The case sensitivity of find makes it different from SEARCH.
Str.contains, the analogous Pandas function, is case-sensitive by default:
Journal = Journal + URL.
engine, na=False, str.contains
Setting the case argument to False will enable case insensitivity:
Journal = Journal + URL.
In either case, adding na=False will stop null values from being returned within the Boolean column.

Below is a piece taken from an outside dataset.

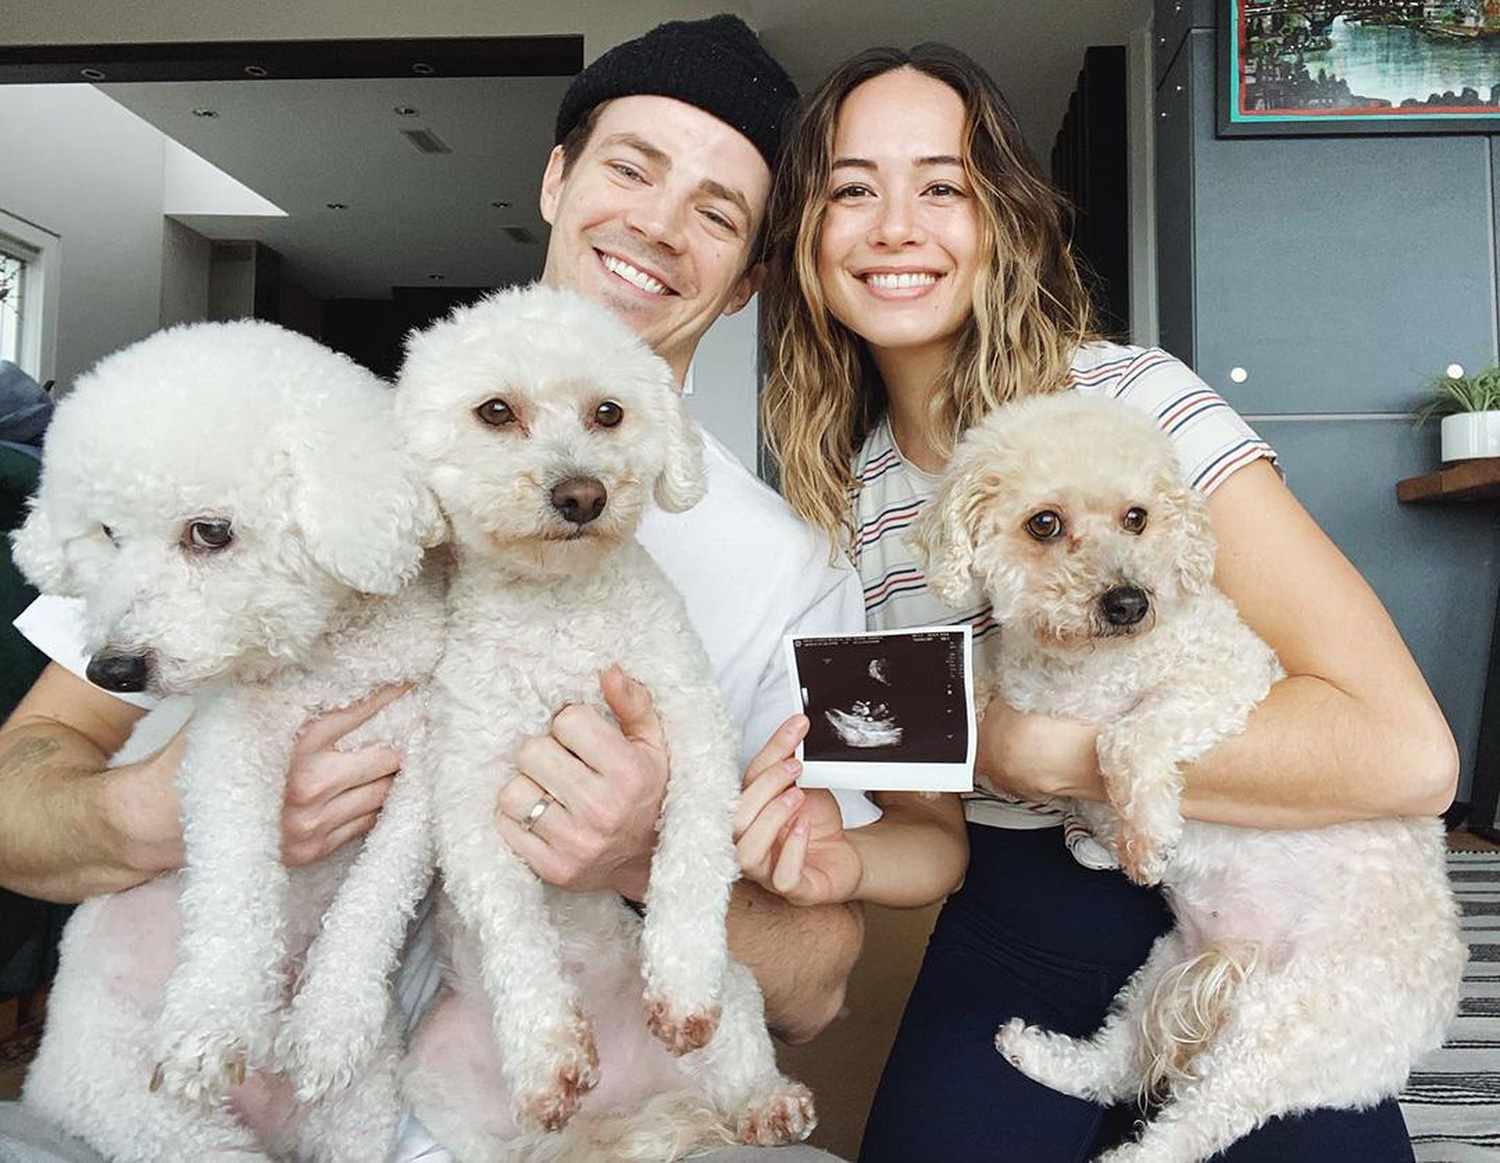 Grant Gustin Expecting Child

                                                                                                                   
                                        
                                        
                                                                                                        str.contains("engine", case=False, na=False)
Using Pandas has a number of benefits, including the fact that this function natively supports regex, unlike Excel and Google Sheets via REGEXMATCH.
Using the pipe character, also known as the OR operator, you can combine multiple substrings:
Journal = Journal + URL.
engine|search, na=F, str.contains
Is Python a more effective data analysis tool than Excel?
Python has gained popularity as more people have become aware of its powers and potential, despite the fact that it technically offers different functionality than Excel. Many developers and the larger data science community believe it to be a superior data analysis tool.Can Python take the place of Excel?
Python is a programming language, and it may be used to create a wide range of programmes in addition to data management. It goes without saying that learning to code is a prerequisite for using Python.